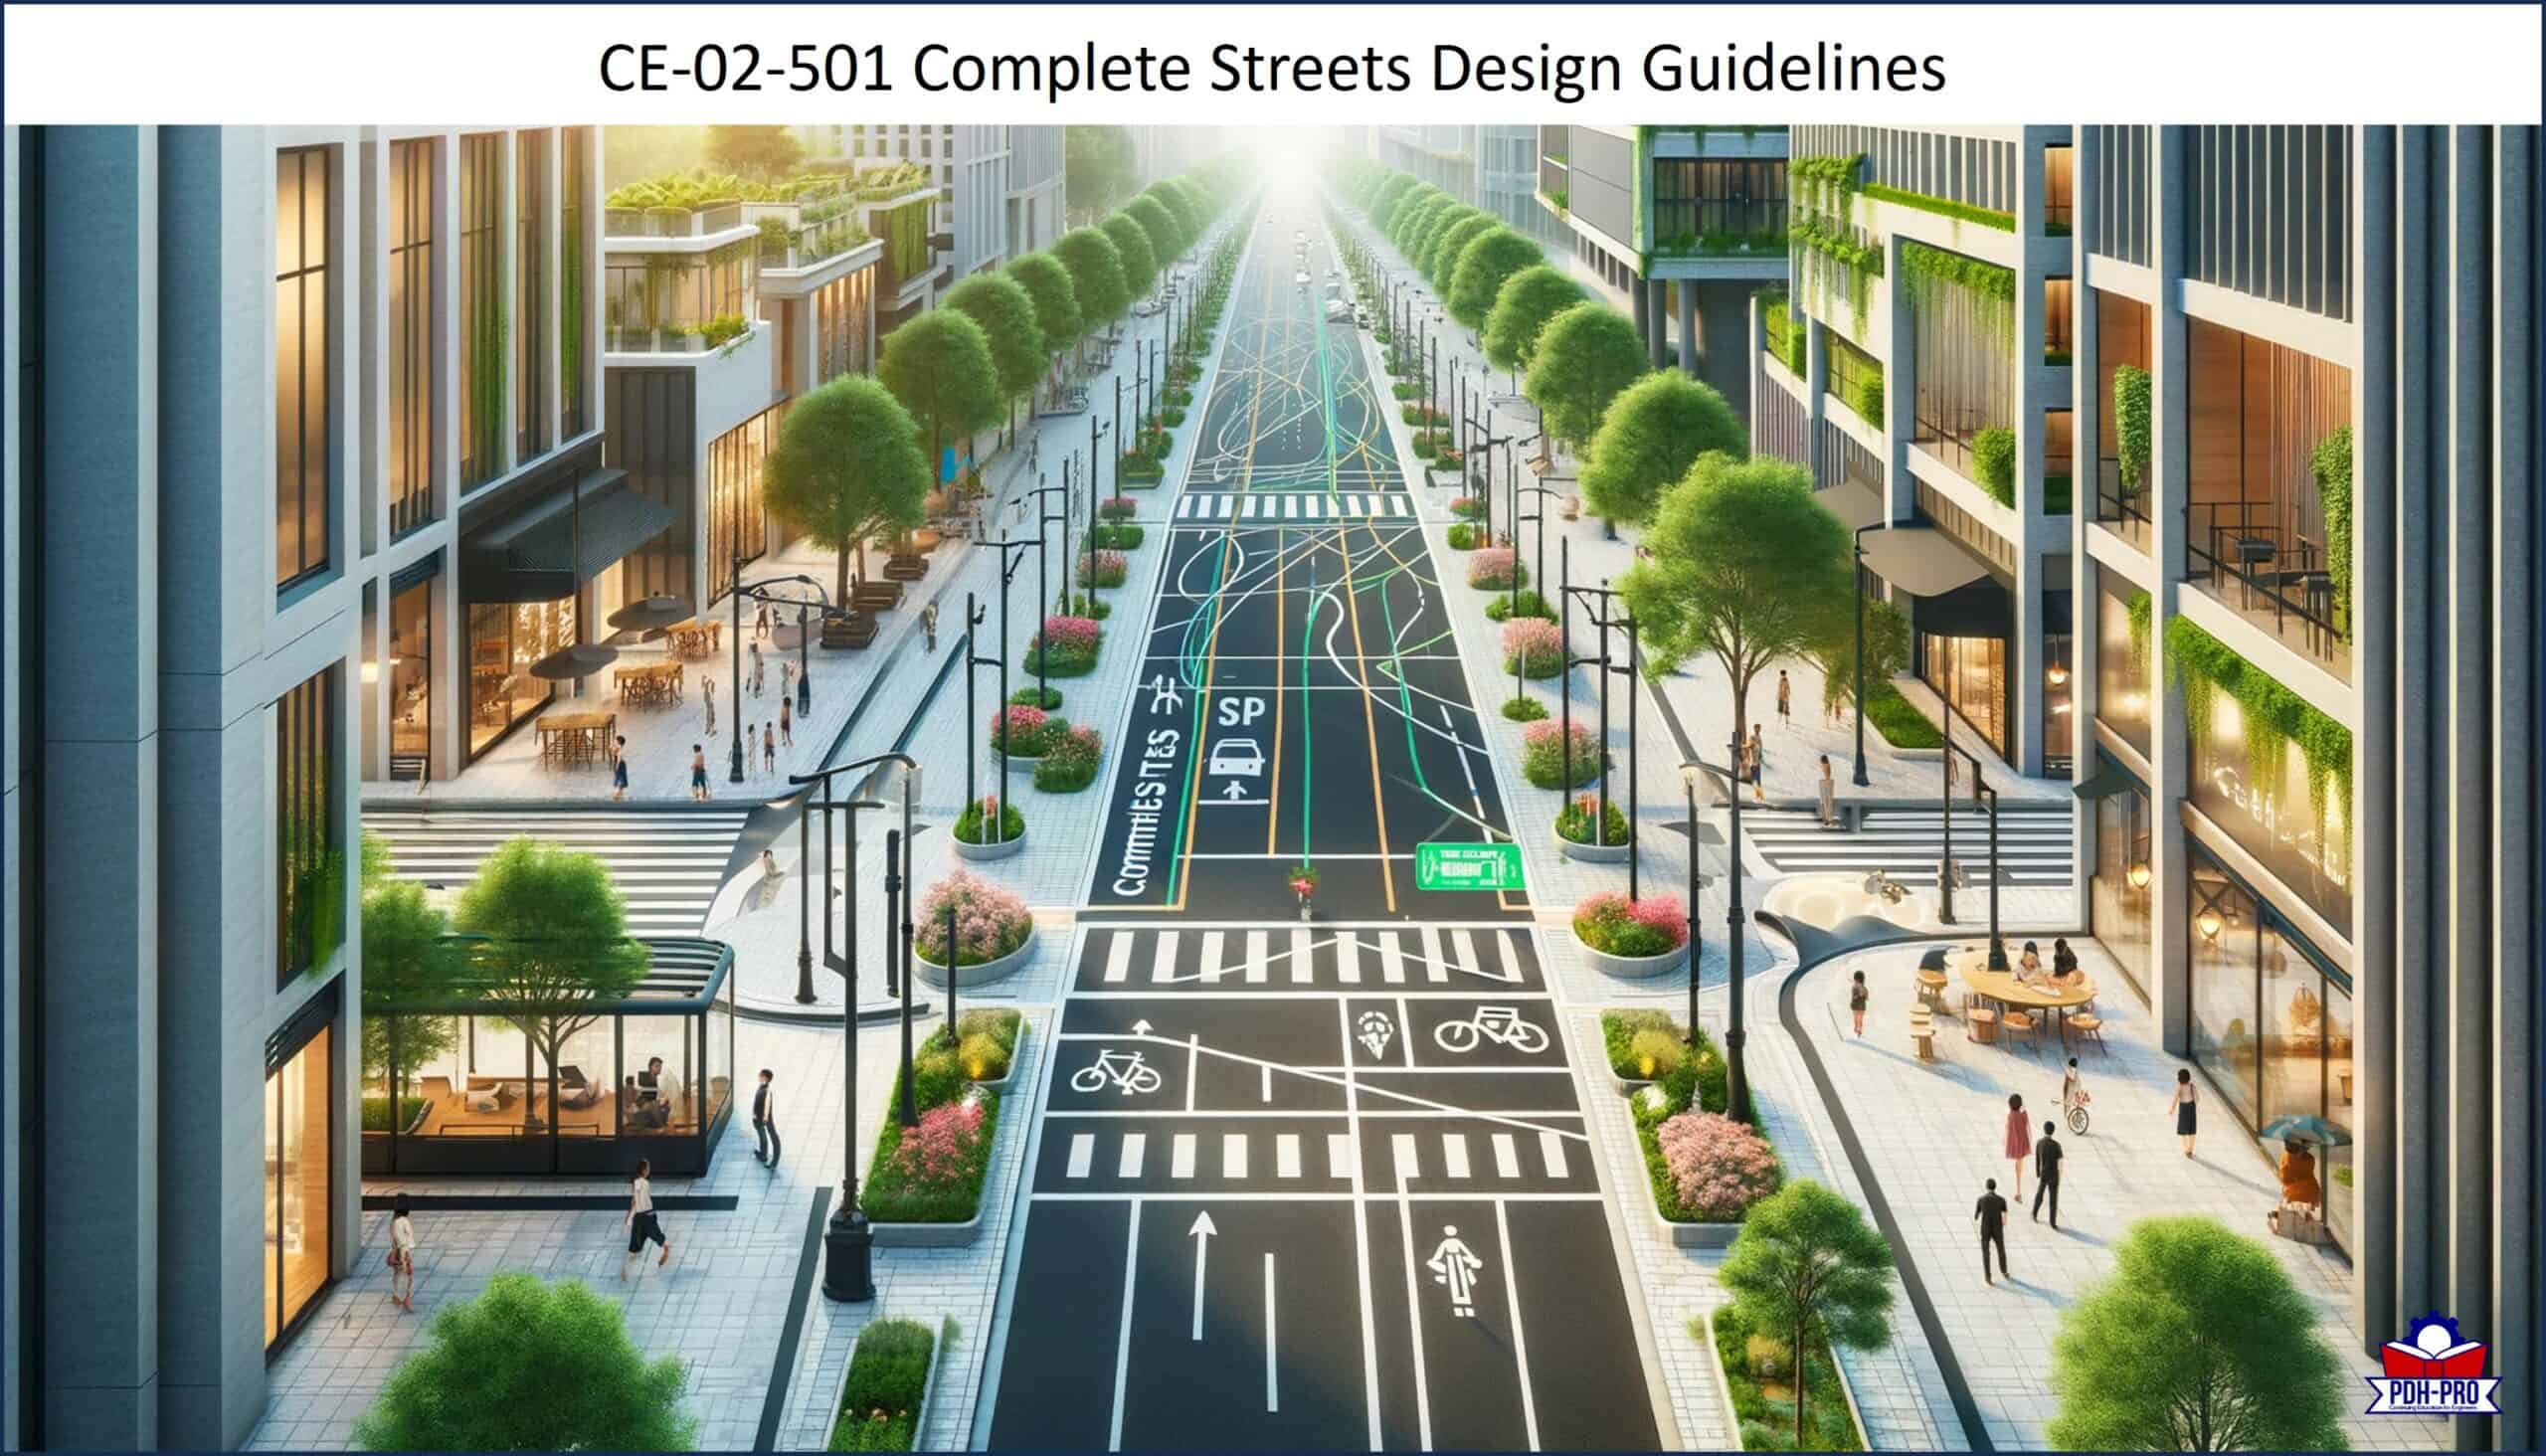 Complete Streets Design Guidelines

* * *

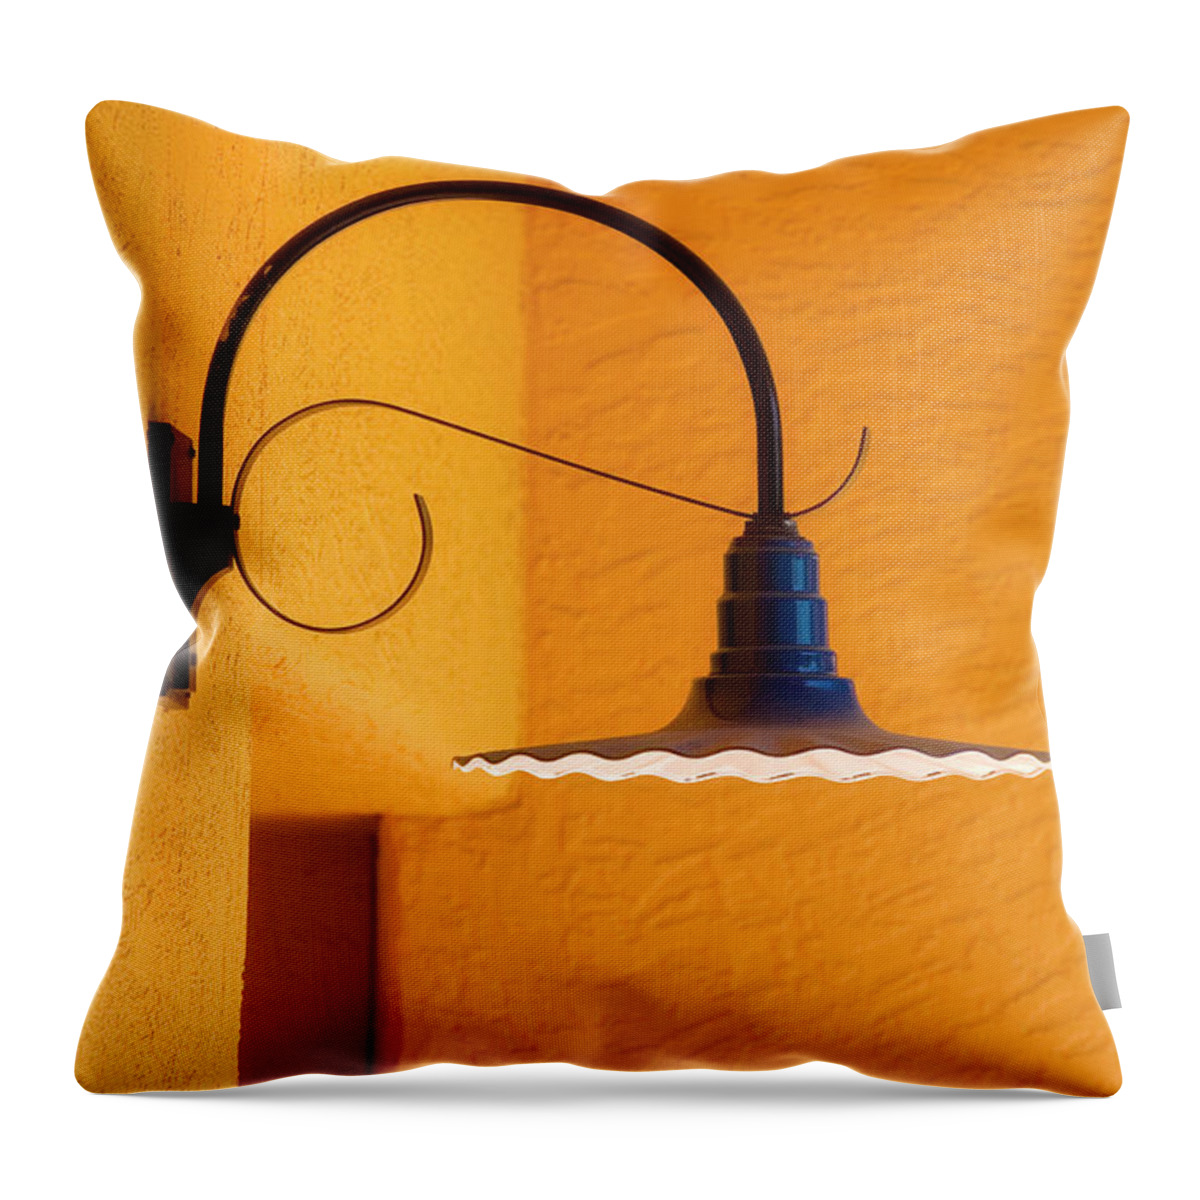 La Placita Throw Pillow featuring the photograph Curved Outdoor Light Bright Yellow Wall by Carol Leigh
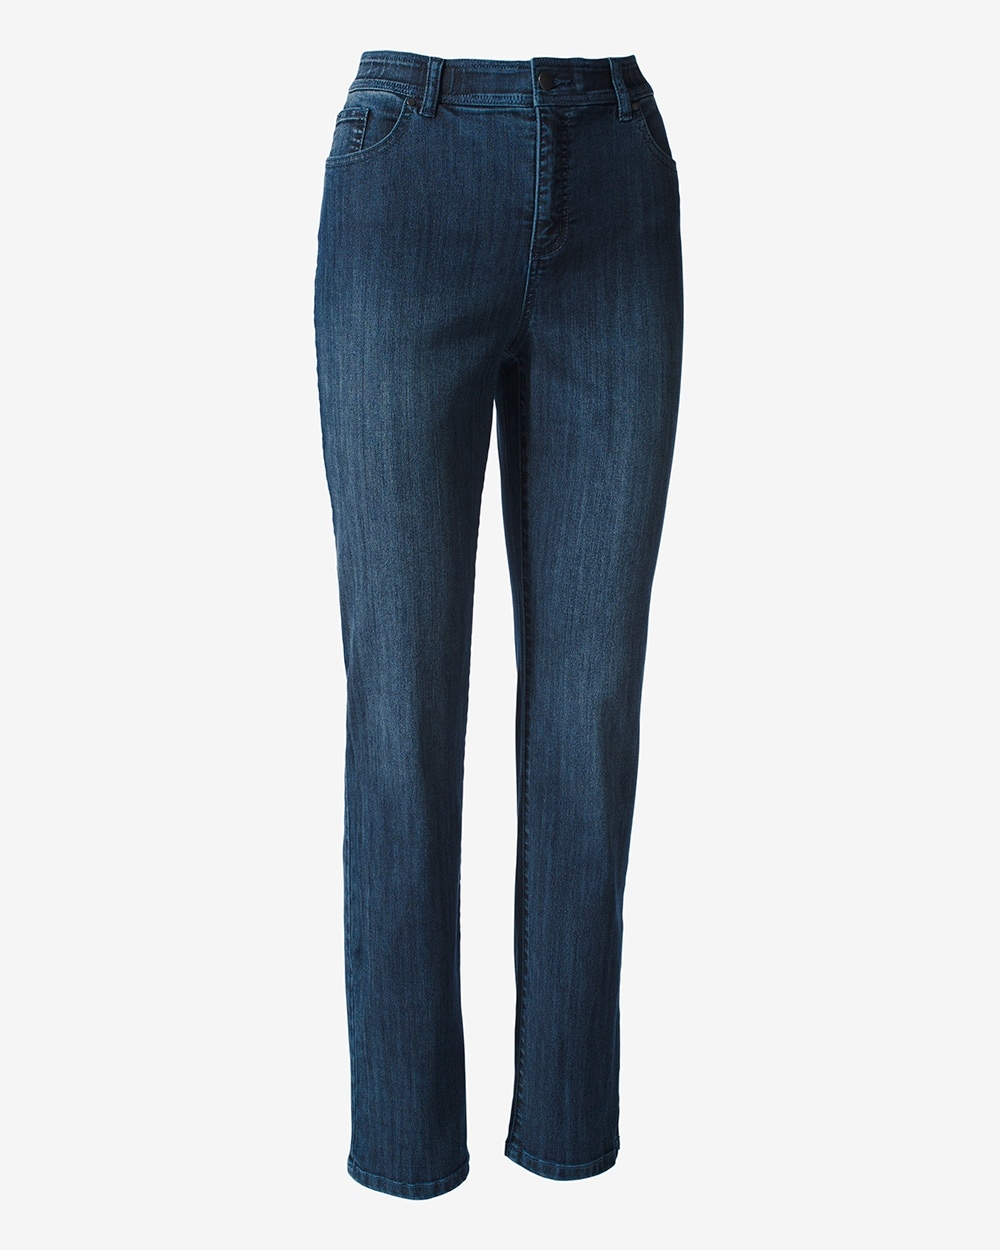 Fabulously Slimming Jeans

TASK REQUIREMENTS:
Of the records above, print only the lines from the one containing "La Placita Throw" through the one containing "Fabulously Slimming Jeans", inclusive and unaltered, leaving out pictures.

TASK RESULT:
 La Placita Throw Pillow featuring the photograph Curved Outdoor Light Bright Yellow Wall by Carol Leigh
 Fabulously Slimming Jeans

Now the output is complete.